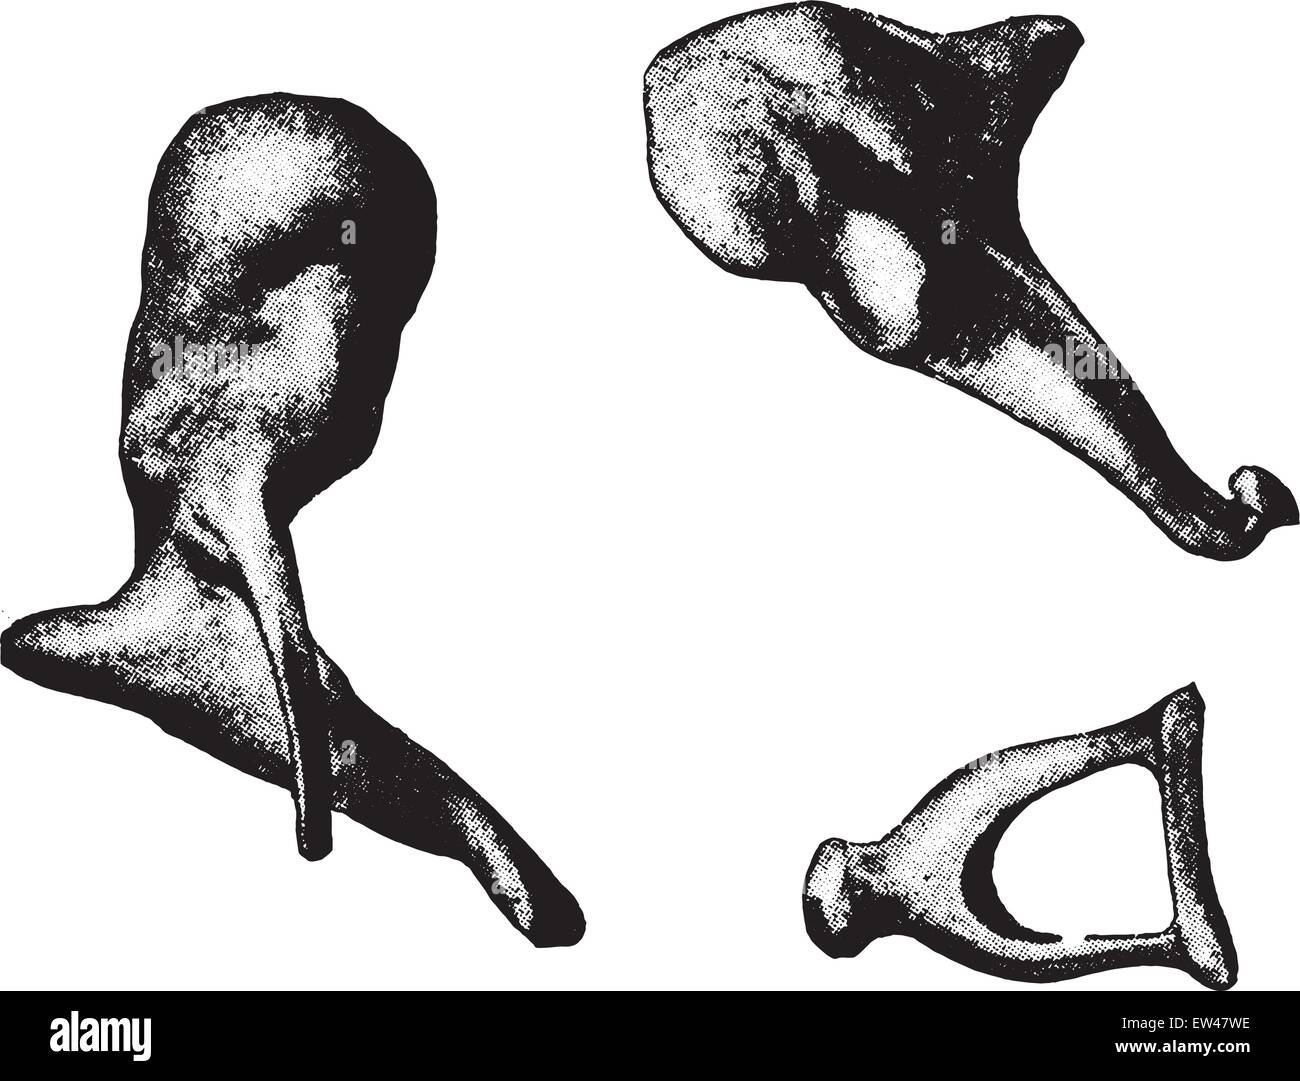 bestøver filosof Konvention Bones of ear- hammer, anvil, stirrup, vintage engraved illustration Stock  Vector Image & Art - Alamy
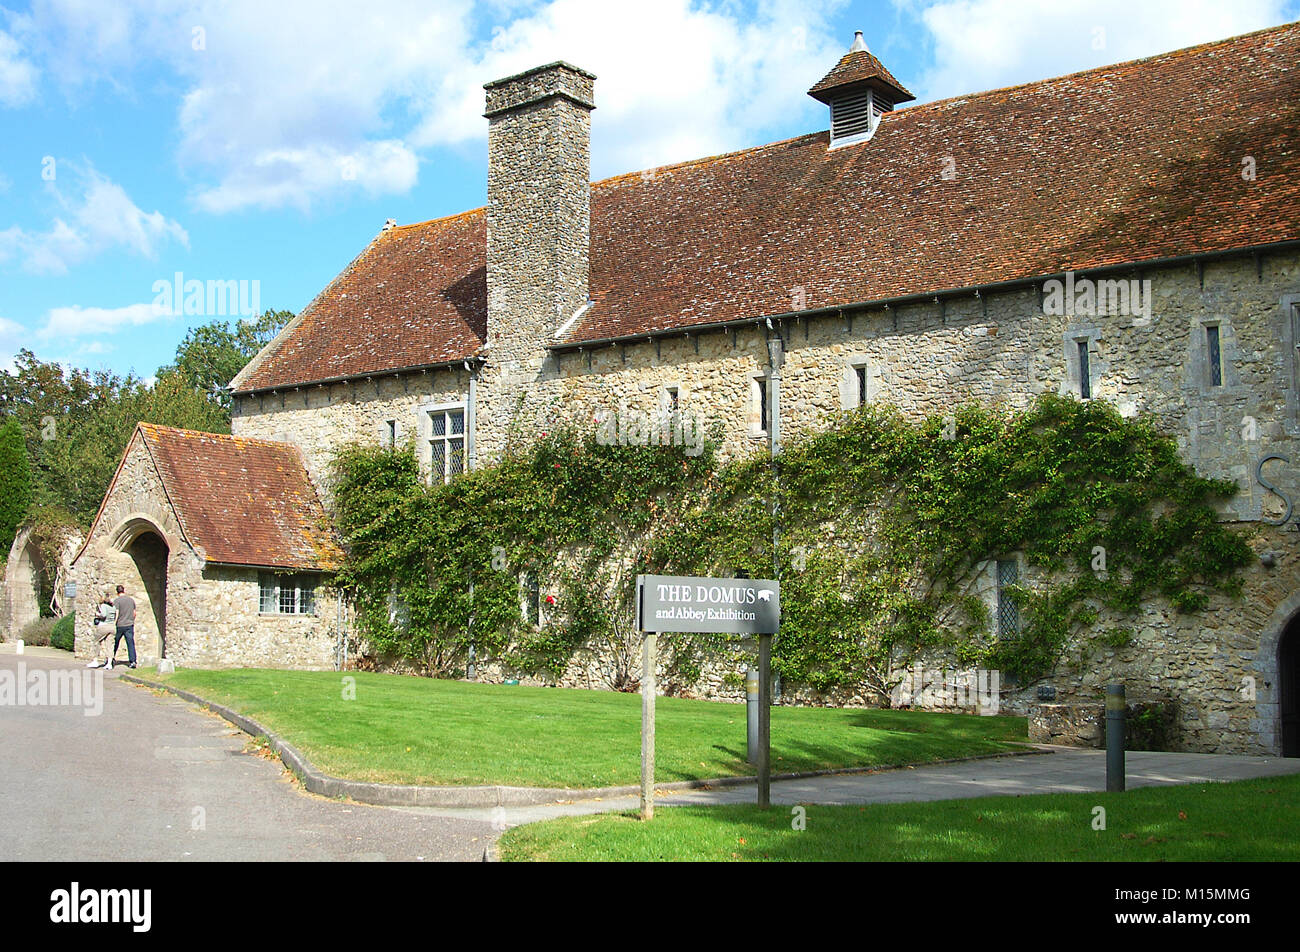 The Domus, Beaulieu Abbey, Beaulieu, Hampshire, England, UK Stock Photo
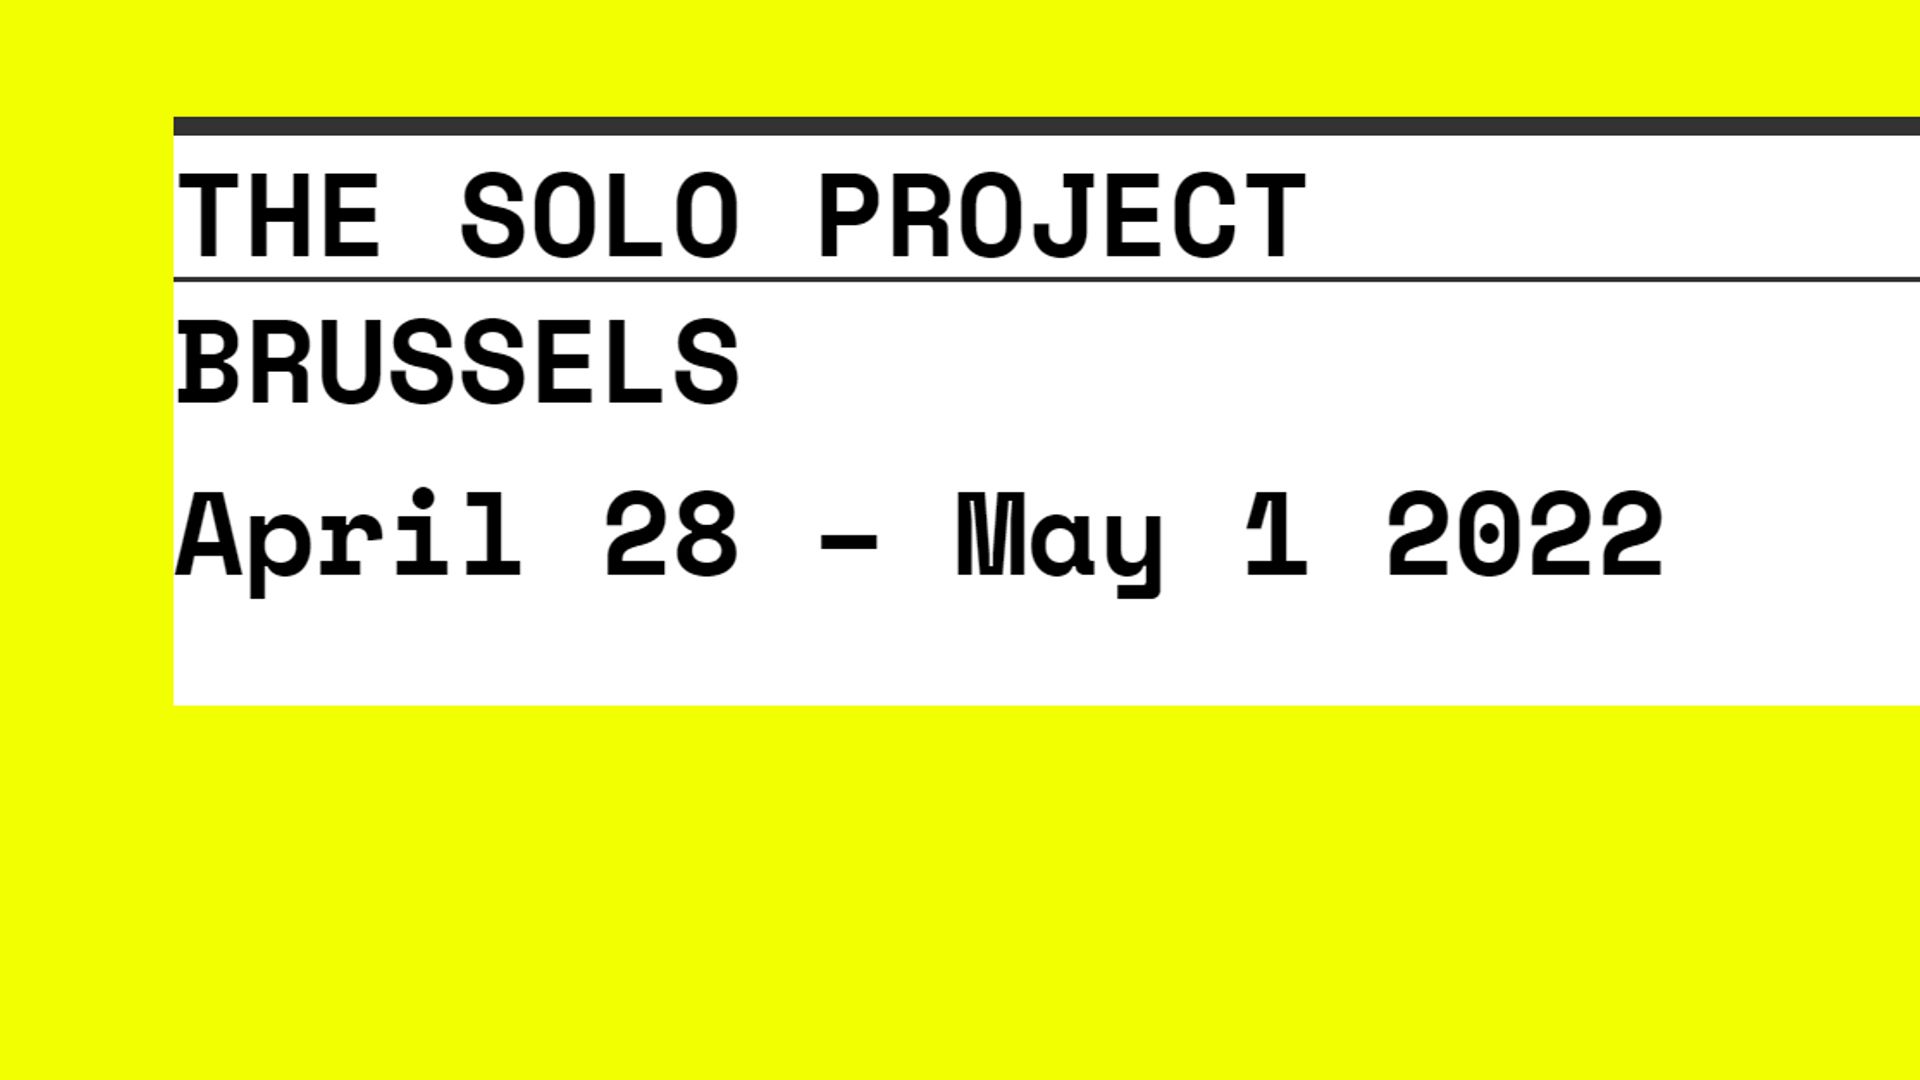 La première édition belge de The Solo Project, une foire d’art contemporain développée en Suisse, se tiendra du 28 avril au 1er mai à Bruxelles au Circularium.

PROMPT: Restate each line above exactly, keeping pictures out.

RESPONSE AREA:
 bestøver filosof Konvention Bones of ear- hammer, anvil, stirrup, vintage engraved illustration Stock  Vector Image & Art - Alamy
 The Domus, Beaulieu Abbey, Beaulieu, Hampshire, England, UK Stock Photo
 La première édition belge de The Solo Project, une foire d’art contemporain développée en Suisse, se tiendra du 28 avril au 1er mai à Bruxelles au Circularium.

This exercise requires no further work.